Now he's a senior who realizes there is truth in the saying "Every dog has its day."
Gagner and his teammates combined this season to give Harlem its first winning record since 1981. Meanwhile, the Dogs have gone from gridiron doormat in 1997 to the top team in Columbia County in 2001.
This Friday's Class AAA state playoff game at Mary Persons High School in Forsyth, Ga. marks the second straight year Harlem has advanced to the postseason.
Gagner isn't surprised by the success - he saw it coming.
"I saw it in summer camp. I saw the work ethic, from everybody, I saw it in the weight room. I really knew that we had something special this season," Gagner said. "It's just a great feeling to finally have a winning season. It's been a goal of ours from the very beginning, since I was a freshman. We're really looking forward to the playoffs."
Harlem enters the playoffs with a 6-3-1 record, while Mary Persons fell to 7-3 with a 15-0 loss last week at Washington County High School. Considering Harlem lost to Washington County 53-21 earlier this month, Forsyth should be a formidable challenge.
"We'll have to step it up even more, because now it's one loss and you're gone.
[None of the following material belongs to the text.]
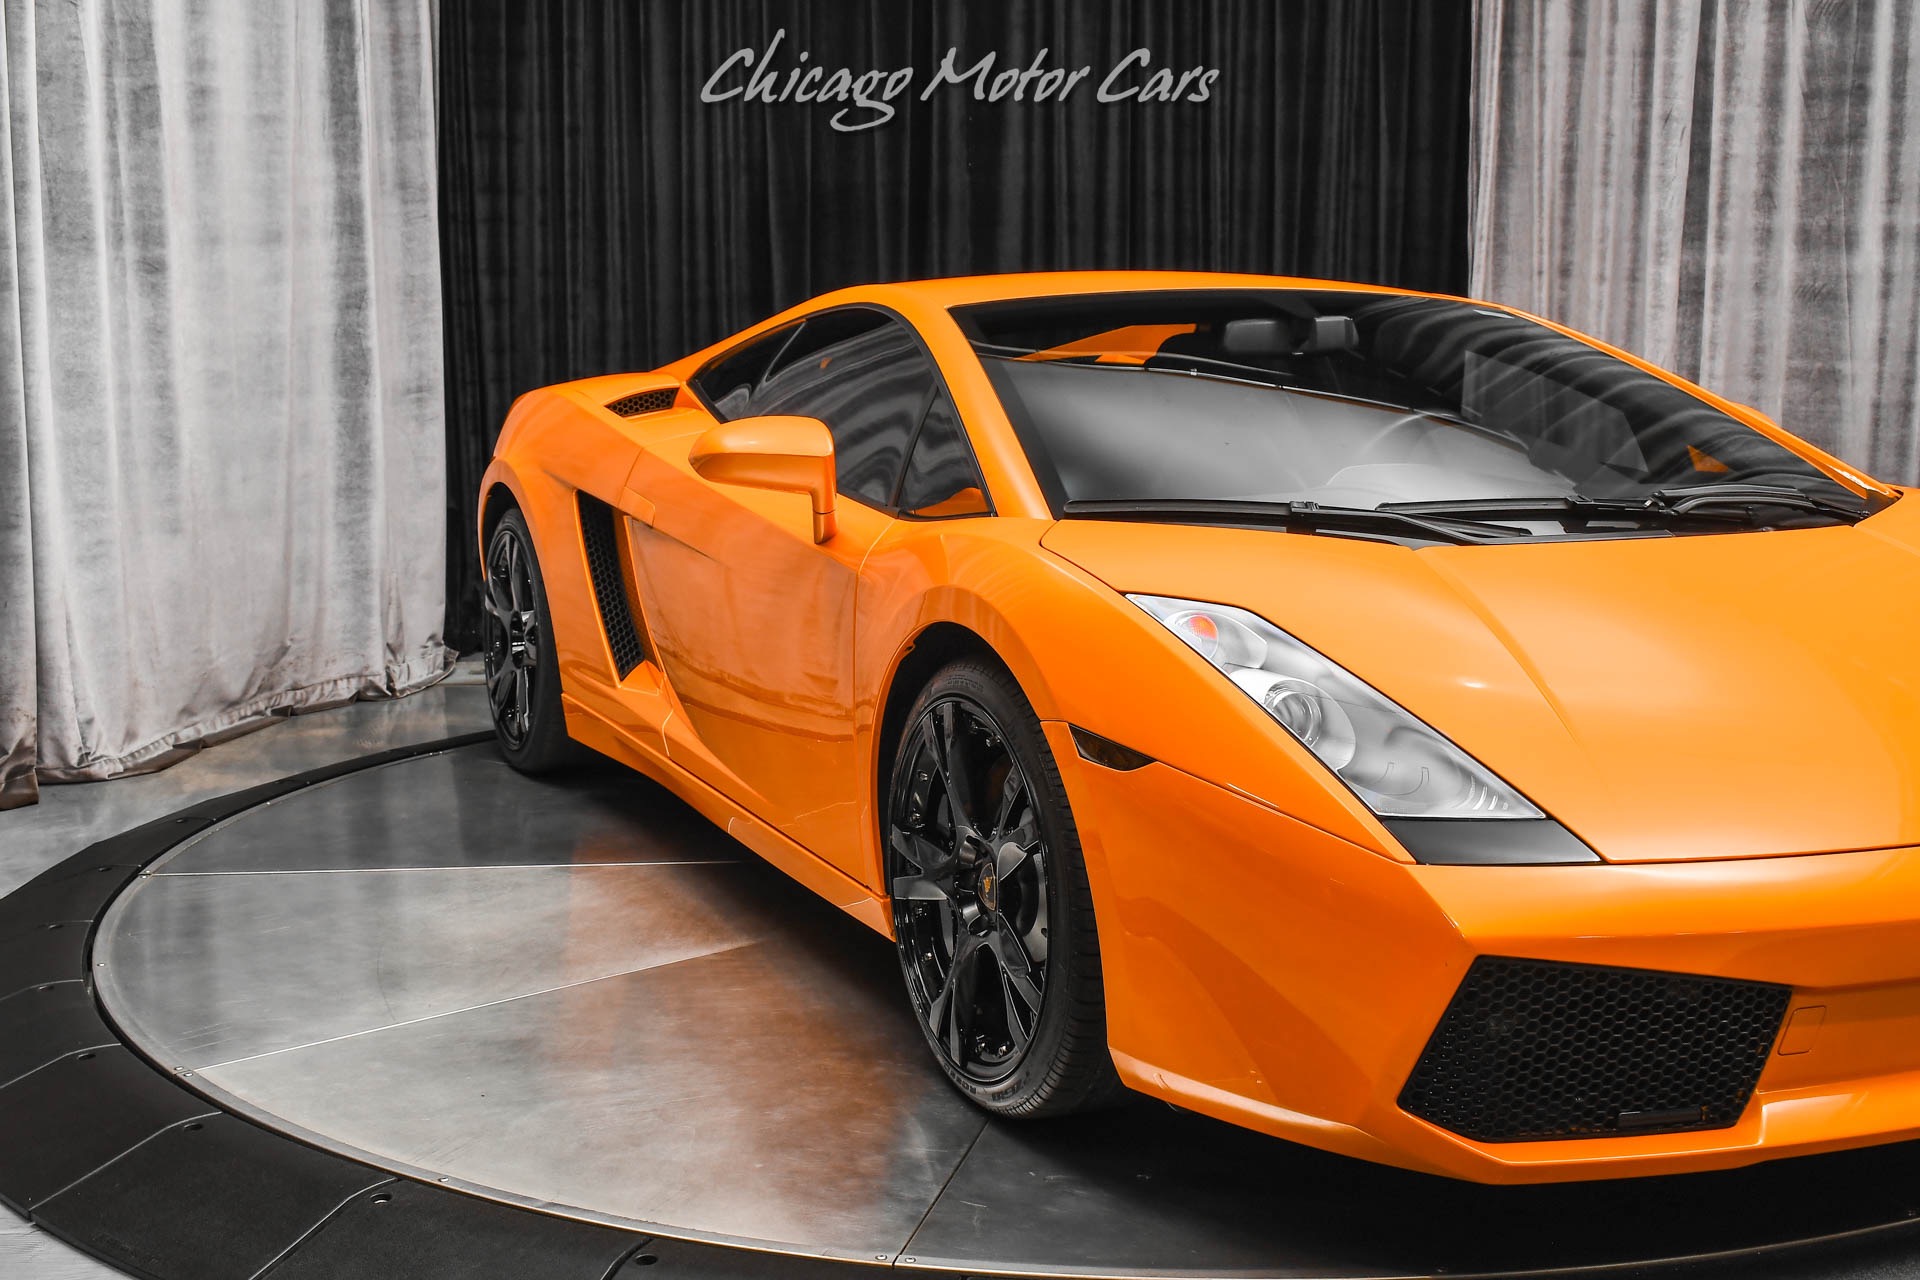 Used-2007-Lamborghini-Gallardo-Coupe-Arancio-Borealis-ONLY-11K-Miles-E-Gear-LOADED-with-Options

We've got to give it all we've got," Harlem junior Kelvin Sturgis said.
Harlem was ousted from first-round playoff action last year with a 55-14 drubbing at LaGrange High School, a No. 1 seed from Region 4-AAA.
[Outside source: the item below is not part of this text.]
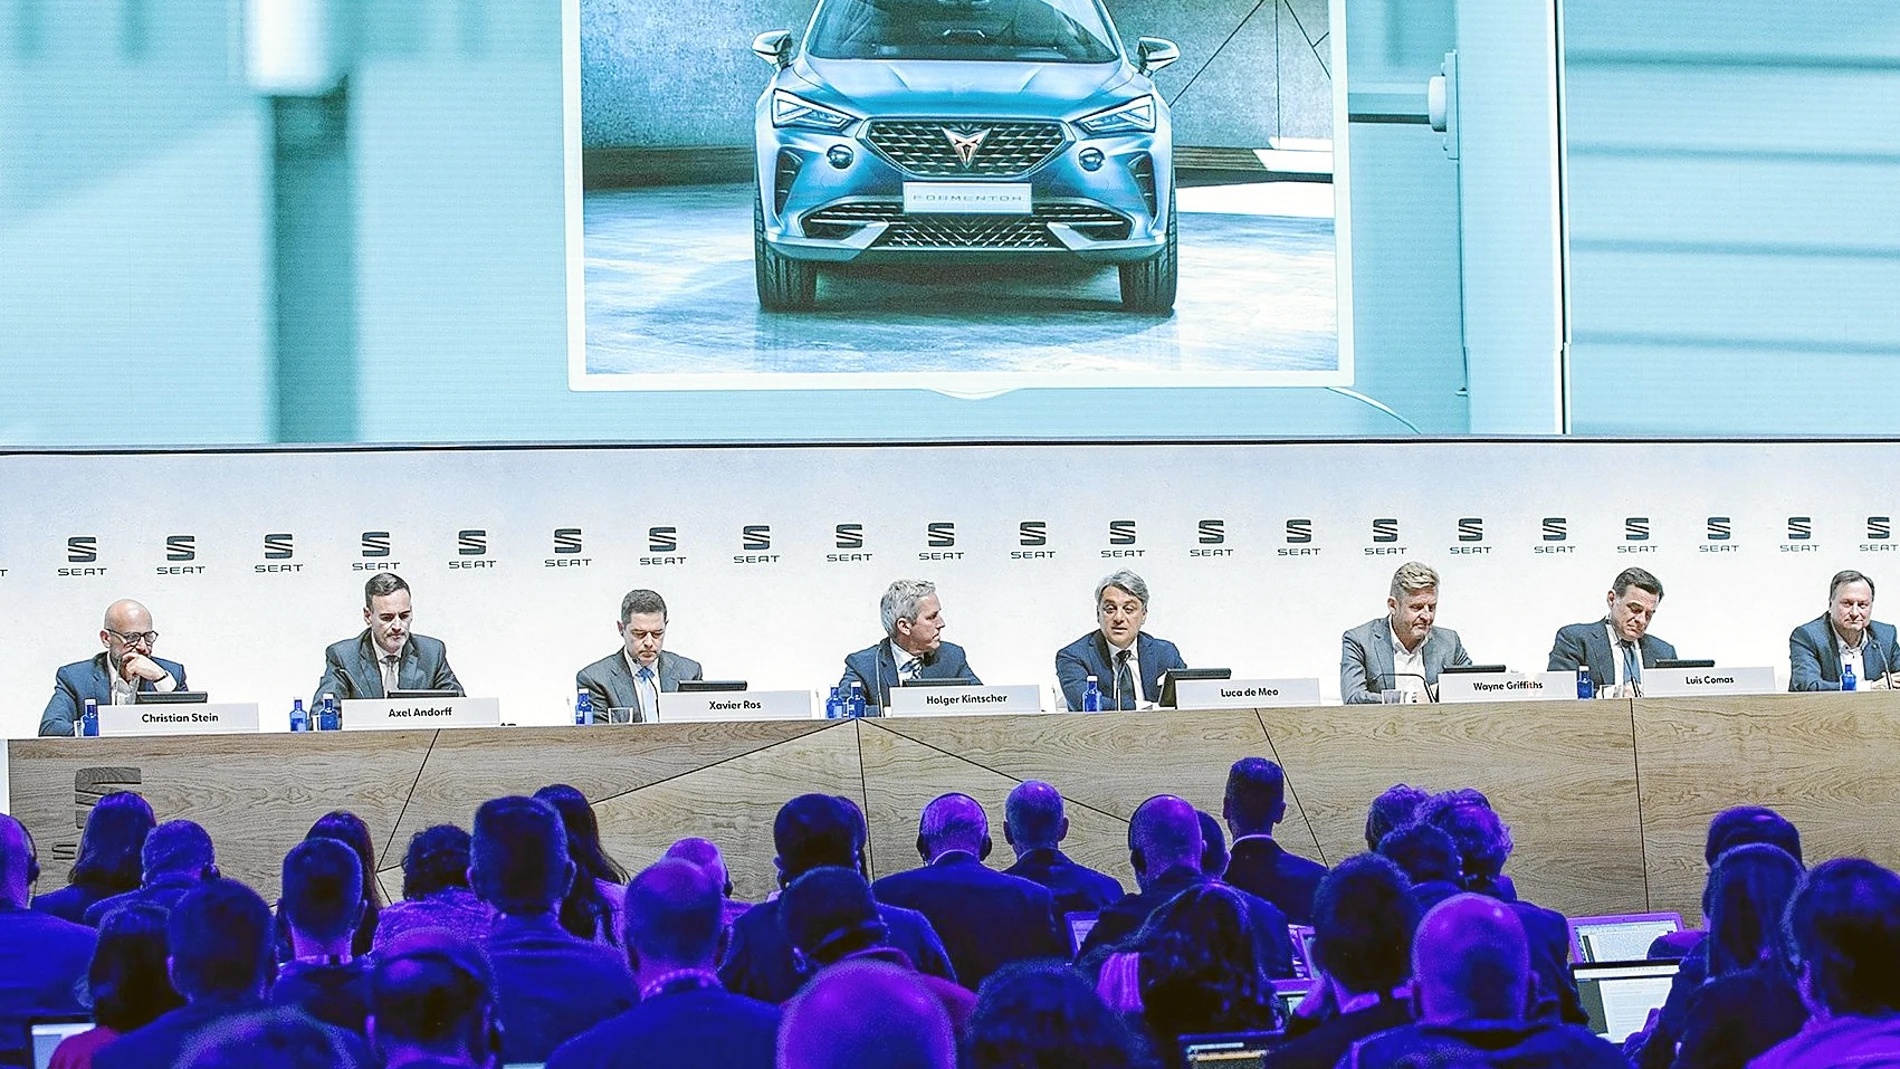 El nuevo SUV de Cupra, la nueva marca de Seat, llegará al mercado en 2020

As the No. 3 seed from Region 3-AAA this year, the Dogs get an easier draw (Mary Persons is No. 2 from Region 4-AAA); more importantly, Harlem now has some playoff experience to draw from.
"I think last year our main goal was to make it to the playoffs. This year it's to advance. We're looking to make a statement this year," said senior Travis Reese, who starts on the offensive and defensive lines. "Our defense has got to tackle better. We're playing pretty good now, but we have to step it up for the playoffs."
Winning playoff games on the road is a tough task, but Harlem head coach Jimmie Lewis believes his team has a better chance in the postseason this year, due to balanced regular-season competition in Region 3-AAA.
"I think our region is stronger than it has been. Washington County, Westside, Laney, ourselves; I think we're going to represent this region well," Lewis said. "I think we can go do something in the playoffs."